Algorithmic Trading using SARIMAX for Bitcoin
Nicolás M. Japas
Berlin, Cohort 2021-01
- Project Description
- Hypotheses / Questions
- Dataset
- Cleaning
- Analysis
- Model Training and Evaluation
- Conclusion
- Future Work
- Workflow
- Organization
- Links
The goal of the project was to reach an MVP for an automated trading platform using bots for buying and selling stocks and cryptocurrencies in real-time. I focused on Bitcoin but the general approach is valid for other instruments after introducing some adaptations. The project will be upscaled in the future. A SARIMAX model was used, and several 'exogenous' variables explored. I built two models, one for 1-hour charts and the other for 1-minute in real-time.
- How to make use of algorithms to predict the price of a stock or cryptocurrency?
- Relevant to anyone interested in trading or investing.
- Which exogenous variables are relevant for bitcoin? Which parameters are well suited for the ARIMA model applied? Does the confidence in the predictions decay over time?
- The data was obtained from several sources. I used two APIs, one for bitcoin (Binance) and another for stocks (Alpha Vantage). I saved everything on .csv files but the code for fetching data is included in the respective modules ('cryptos' and 'stocks'). The code is modularized inside this files. This way, it will be easy to upscale the project to support other financial instruments.
- I also scraped data for Google Trends, Twitter, and others.
To get the data was the main difficulty, as I had to adapt to several limitations. For example alpha vantage API has a limit on the amount of GETs available if the free account is used. The documentation of the Binance API is quite poor, although a wrapper was useful for that. To scrape the data about Twitter, Google and Marketcap of bitcoin I had to look carefully at the source code of the website (bitinfocharts dot com), as it was fairly hidden inside javascript code. After all that, a lot of work dealing with datetime indexes and frequencies (which introduce NaNs in the code when a certain time period is not in the original data).

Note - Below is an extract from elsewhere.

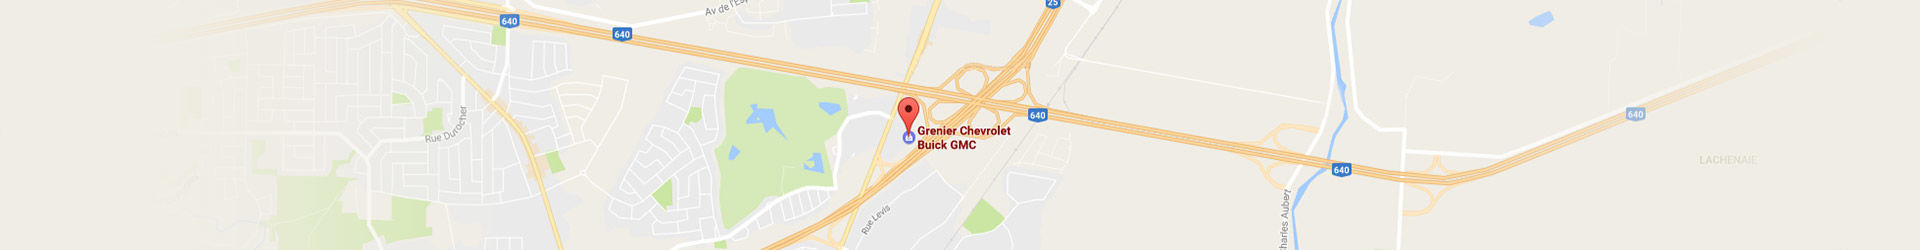 Grenier Chevrolet

- Exploratory plotting, check for correlations, scatter, hist and combined plots.
- Feature selection came in this case from BI, and knowing how bitcoin's movements are related with them. The plots and correlations were a confirmation. And the the model provided significant Pearson correlation coefficients in the diagnostics, further suggesting that the selected data was at least to some degree relevant.
- The data was scaled and split. I also used logarithmic transform.
- To get the parameters for the ARIMA model was tricky, it wasn't enough to use the popular AUTO-ARIMA module which provides the apparent better values for p, d and q. It uses the AIC results (I believe), but it took me some trial and error to get better results.
- For the real-time data, a simpler model was used, without exogenous variables. Only the endogenous.
- I was able to generate predictions, both for the test values and for the unknown future (out-of-sample forecast).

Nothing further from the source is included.